(Records from a collection)
-*-*-

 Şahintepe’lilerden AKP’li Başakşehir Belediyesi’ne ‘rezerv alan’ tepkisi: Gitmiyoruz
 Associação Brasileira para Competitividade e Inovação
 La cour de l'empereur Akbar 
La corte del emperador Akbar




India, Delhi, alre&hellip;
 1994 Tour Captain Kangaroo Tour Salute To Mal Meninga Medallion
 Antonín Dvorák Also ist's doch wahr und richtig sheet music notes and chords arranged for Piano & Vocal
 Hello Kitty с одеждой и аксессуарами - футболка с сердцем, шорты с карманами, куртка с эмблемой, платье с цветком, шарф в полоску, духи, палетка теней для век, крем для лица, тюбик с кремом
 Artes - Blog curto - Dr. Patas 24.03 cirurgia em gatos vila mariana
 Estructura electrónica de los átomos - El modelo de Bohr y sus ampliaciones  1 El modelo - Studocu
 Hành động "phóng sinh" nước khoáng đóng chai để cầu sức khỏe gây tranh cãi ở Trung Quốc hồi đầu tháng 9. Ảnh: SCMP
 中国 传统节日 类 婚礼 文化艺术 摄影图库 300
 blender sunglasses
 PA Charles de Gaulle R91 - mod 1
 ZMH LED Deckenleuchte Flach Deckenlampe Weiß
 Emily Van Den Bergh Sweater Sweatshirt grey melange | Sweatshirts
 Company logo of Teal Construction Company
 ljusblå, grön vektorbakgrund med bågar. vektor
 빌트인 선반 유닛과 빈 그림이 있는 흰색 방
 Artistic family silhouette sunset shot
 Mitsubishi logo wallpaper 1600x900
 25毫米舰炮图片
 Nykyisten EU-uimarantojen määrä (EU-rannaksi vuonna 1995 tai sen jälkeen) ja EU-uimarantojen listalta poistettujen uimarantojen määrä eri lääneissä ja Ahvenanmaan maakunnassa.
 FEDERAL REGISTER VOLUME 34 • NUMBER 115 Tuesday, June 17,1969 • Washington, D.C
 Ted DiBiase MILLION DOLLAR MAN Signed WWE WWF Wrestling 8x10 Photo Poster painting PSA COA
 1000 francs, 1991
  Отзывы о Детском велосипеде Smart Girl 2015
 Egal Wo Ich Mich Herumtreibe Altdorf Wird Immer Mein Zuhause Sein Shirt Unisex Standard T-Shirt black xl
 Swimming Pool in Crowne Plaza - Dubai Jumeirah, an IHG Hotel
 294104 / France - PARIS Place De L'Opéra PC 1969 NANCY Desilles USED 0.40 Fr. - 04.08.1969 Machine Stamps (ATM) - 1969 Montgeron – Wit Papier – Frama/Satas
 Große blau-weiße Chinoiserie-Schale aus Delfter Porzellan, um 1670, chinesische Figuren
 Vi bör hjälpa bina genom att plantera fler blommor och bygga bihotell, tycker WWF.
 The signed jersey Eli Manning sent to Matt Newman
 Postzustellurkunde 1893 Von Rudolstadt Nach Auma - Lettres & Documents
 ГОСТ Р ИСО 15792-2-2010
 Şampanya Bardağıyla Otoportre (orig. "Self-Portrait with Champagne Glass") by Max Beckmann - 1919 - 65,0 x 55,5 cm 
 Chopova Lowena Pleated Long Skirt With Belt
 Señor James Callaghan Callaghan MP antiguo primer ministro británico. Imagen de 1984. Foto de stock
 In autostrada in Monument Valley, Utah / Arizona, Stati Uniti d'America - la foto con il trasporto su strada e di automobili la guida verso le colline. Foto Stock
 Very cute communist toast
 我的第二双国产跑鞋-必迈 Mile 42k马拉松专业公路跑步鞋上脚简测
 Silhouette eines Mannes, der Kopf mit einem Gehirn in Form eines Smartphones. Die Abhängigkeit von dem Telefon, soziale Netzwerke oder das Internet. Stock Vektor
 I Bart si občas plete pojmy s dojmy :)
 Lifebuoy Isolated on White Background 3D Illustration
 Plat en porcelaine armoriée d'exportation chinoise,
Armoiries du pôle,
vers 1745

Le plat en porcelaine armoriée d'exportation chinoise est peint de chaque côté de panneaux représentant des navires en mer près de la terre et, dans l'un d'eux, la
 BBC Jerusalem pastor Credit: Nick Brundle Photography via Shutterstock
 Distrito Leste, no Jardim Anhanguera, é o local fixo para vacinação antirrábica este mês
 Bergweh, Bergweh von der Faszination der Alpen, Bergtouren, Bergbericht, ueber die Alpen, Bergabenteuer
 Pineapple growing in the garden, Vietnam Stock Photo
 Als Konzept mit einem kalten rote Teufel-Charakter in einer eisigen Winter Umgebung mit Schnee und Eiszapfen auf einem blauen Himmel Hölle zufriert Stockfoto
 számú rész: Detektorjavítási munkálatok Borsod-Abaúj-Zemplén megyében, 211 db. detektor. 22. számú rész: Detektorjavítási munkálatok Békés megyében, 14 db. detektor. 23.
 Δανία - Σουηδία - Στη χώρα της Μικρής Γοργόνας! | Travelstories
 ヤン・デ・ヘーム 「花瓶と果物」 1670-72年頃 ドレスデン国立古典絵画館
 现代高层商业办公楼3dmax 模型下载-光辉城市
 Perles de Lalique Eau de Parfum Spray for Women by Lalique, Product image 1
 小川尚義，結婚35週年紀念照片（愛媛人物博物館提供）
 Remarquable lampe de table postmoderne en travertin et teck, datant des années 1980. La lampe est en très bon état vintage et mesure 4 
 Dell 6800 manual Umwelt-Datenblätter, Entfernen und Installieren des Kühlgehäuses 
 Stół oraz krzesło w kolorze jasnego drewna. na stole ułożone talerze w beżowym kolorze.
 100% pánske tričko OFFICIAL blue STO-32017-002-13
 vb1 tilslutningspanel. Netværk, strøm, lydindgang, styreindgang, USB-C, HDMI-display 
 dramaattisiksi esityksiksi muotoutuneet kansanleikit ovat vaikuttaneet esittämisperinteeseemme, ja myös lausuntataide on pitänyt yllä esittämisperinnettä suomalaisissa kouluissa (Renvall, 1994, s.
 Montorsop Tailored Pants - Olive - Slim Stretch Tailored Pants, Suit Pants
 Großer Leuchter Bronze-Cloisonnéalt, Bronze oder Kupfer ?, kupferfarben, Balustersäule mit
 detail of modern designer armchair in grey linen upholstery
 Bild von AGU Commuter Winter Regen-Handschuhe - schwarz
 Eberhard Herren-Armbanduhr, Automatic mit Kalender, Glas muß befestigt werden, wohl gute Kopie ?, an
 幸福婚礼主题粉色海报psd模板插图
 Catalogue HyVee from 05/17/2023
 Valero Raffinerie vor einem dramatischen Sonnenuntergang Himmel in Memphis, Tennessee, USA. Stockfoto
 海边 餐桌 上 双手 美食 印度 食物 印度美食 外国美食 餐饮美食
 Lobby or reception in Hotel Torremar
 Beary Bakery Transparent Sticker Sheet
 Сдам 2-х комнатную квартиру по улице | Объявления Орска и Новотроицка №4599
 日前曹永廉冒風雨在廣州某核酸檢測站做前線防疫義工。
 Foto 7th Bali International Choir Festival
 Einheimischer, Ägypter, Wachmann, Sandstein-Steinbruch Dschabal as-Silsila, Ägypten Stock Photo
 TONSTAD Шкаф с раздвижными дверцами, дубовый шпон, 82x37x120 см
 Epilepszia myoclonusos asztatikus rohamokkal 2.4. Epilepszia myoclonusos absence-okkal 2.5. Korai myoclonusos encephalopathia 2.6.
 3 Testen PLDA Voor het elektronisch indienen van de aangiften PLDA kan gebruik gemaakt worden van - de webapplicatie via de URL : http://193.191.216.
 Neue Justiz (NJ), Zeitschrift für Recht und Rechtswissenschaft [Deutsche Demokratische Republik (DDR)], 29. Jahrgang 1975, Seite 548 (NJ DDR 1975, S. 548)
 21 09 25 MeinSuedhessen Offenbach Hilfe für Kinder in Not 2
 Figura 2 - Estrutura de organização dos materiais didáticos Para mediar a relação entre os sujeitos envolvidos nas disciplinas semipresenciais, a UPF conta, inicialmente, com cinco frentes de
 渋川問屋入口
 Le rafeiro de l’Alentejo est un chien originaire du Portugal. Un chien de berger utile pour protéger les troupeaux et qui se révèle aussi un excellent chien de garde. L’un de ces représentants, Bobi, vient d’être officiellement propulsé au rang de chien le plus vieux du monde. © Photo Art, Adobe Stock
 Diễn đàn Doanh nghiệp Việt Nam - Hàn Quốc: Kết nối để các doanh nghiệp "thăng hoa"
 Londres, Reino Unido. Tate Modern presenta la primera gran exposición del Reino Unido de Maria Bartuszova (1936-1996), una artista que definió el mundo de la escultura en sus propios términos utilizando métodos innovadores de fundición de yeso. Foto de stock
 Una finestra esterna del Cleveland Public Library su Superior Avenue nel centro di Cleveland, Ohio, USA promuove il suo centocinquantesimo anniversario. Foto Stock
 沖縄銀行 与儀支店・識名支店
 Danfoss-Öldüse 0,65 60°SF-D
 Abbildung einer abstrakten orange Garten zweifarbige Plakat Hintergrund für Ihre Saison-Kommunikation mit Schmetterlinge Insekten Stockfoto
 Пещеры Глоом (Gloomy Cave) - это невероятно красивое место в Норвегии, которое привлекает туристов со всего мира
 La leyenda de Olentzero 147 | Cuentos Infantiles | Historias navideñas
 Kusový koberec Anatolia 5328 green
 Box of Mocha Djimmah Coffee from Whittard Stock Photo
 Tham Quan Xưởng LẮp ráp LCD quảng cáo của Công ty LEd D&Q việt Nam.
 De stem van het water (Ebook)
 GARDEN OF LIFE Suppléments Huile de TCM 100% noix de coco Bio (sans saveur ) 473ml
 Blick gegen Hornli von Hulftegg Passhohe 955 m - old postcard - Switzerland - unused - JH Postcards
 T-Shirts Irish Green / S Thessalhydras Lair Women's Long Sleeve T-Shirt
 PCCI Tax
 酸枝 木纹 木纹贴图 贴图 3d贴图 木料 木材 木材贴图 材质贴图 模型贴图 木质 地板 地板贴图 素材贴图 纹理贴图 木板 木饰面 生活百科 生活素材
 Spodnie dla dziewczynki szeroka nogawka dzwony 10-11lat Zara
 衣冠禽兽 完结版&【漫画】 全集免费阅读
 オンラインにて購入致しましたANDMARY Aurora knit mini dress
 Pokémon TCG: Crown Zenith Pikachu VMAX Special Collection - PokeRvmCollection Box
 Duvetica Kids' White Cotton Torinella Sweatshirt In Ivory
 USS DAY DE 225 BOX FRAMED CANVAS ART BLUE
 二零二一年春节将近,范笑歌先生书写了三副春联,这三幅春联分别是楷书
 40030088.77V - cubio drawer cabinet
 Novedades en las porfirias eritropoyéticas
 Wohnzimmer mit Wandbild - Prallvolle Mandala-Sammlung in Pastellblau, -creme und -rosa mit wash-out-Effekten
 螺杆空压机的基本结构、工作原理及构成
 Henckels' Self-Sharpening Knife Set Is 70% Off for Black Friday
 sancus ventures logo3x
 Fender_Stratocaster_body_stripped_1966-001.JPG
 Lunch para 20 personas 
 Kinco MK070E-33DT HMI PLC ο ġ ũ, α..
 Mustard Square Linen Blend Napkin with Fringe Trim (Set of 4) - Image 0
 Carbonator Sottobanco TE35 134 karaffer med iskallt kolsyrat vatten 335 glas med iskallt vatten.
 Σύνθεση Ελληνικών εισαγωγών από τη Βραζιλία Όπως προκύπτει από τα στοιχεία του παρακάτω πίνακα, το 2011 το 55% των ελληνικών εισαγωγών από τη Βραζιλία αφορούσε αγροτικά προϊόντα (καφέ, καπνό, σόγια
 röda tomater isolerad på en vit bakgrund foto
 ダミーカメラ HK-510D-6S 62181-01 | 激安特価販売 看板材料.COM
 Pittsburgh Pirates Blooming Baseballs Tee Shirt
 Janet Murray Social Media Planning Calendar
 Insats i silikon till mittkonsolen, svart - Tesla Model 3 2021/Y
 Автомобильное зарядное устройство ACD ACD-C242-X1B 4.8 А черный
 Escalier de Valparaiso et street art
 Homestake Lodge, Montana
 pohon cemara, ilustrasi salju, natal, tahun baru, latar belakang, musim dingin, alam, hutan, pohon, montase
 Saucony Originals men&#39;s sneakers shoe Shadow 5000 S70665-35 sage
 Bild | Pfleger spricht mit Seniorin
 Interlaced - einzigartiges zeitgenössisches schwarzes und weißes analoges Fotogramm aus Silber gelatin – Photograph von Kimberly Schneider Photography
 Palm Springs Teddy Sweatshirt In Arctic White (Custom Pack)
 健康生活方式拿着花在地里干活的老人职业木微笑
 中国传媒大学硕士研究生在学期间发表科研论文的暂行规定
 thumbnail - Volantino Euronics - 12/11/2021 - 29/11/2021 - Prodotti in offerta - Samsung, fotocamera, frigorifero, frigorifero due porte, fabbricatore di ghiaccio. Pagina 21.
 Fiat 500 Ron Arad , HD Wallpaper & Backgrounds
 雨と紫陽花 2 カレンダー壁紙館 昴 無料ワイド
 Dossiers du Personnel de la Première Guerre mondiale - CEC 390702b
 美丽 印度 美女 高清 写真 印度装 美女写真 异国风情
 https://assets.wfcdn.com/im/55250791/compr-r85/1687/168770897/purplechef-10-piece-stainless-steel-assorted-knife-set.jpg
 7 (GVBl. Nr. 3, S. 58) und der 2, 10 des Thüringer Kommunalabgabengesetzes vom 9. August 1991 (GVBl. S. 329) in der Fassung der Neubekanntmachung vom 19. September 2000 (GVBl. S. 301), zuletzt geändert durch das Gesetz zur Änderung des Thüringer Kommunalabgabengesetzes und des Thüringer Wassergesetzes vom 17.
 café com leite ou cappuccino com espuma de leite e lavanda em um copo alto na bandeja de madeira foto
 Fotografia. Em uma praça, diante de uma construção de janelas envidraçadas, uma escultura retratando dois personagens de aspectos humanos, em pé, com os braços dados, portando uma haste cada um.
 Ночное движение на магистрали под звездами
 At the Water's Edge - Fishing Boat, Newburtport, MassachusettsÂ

-*-*-

= What you have to do =
Taking the entries above, restate exactly those lines that fall between the line with "Lifebuoy Isolated on" and the line with "detail of modern", keeping both of those lines too.

= Problem solution =
 Lifebuoy Isolated on White Background 3D Illustration
 Plat en porcelaine armoriée d'exportation chinoise,
Armoiries du pôle,
vers 1745

Le plat en porcelaine armoriée d'exportation chinoise est peint de chaque côté de panneaux représentant des navires en mer près de la terre et, dans l'un d'eux, la
 BBC Jerusalem pastor Credit: Nick Brundle Photography via Shutterstock
 Distrito Leste, no Jardim Anhanguera, é o local fixo para vacinação antirrábica este mês
 Bergweh, Bergweh von der Faszination der Alpen, Bergtouren, Bergbericht, ueber die Alpen, Bergabenteuer
 Pineapple growing in the garden, Vietnam Stock Photo
 Als Konzept mit einem kalten rote Teufel-Charakter in einer eisigen Winter Umgebung mit Schnee und Eiszapfen auf einem blauen Himmel Hölle zufriert Stockfoto
 számú rész: Detektorjavítási munkálatok Borsod-Abaúj-Zemplén megyében, 211 db. detektor. 22. számú rész: Detektorjavítási munkálatok Békés megyében, 14 db. detektor. 23.
 Δανία - Σουηδία - Στη χώρα της Μικρής Γοργόνας! | Travelstories
 ヤン・デ・ヘーム 「花瓶と果物」 1670-72年頃 ドレスデン国立古典絵画館
 现代高层商业办公楼3dmax 模型下载-光辉城市
 Perles de Lalique Eau de Parfum Spray for Women by Lalique, Product image 1
 小川尚義，結婚35週年紀念照片（愛媛人物博物館提供）
 Remarquable lampe de table postmoderne en travertin et teck, datant des années 1980. La lampe est en très bon état vintage et mesure 4 
 Dell 6800 manual Umwelt-Datenblätter, Entfernen und Installieren des Kühlgehäuses 
 Stół oraz krzesło w kolorze jasnego drewna. na stole ułożone talerze w beżowym kolorze.
 100% pánske tričko OFFICIAL blue STO-32017-002-13
 vb1 tilslutningspanel. Netværk, strøm, lydindgang, styreindgang, USB-C, HDMI-display 
 dramaattisiksi esityksiksi muotoutuneet kansanleikit ovat vaikuttaneet esittämisperinteeseemme, ja myös lausuntataide on pitänyt yllä esittämisperinnettä suomalaisissa kouluissa (Renvall, 1994, s.
 Montorsop Tailored Pants - Olive - Slim Stretch Tailored Pants, Suit Pants
 Großer Leuchter Bronze-Cloisonnéalt, Bronze oder Kupfer ?, kupferfarben, Balustersäule mit
 detail of modern designer armchair in grey linen upholstery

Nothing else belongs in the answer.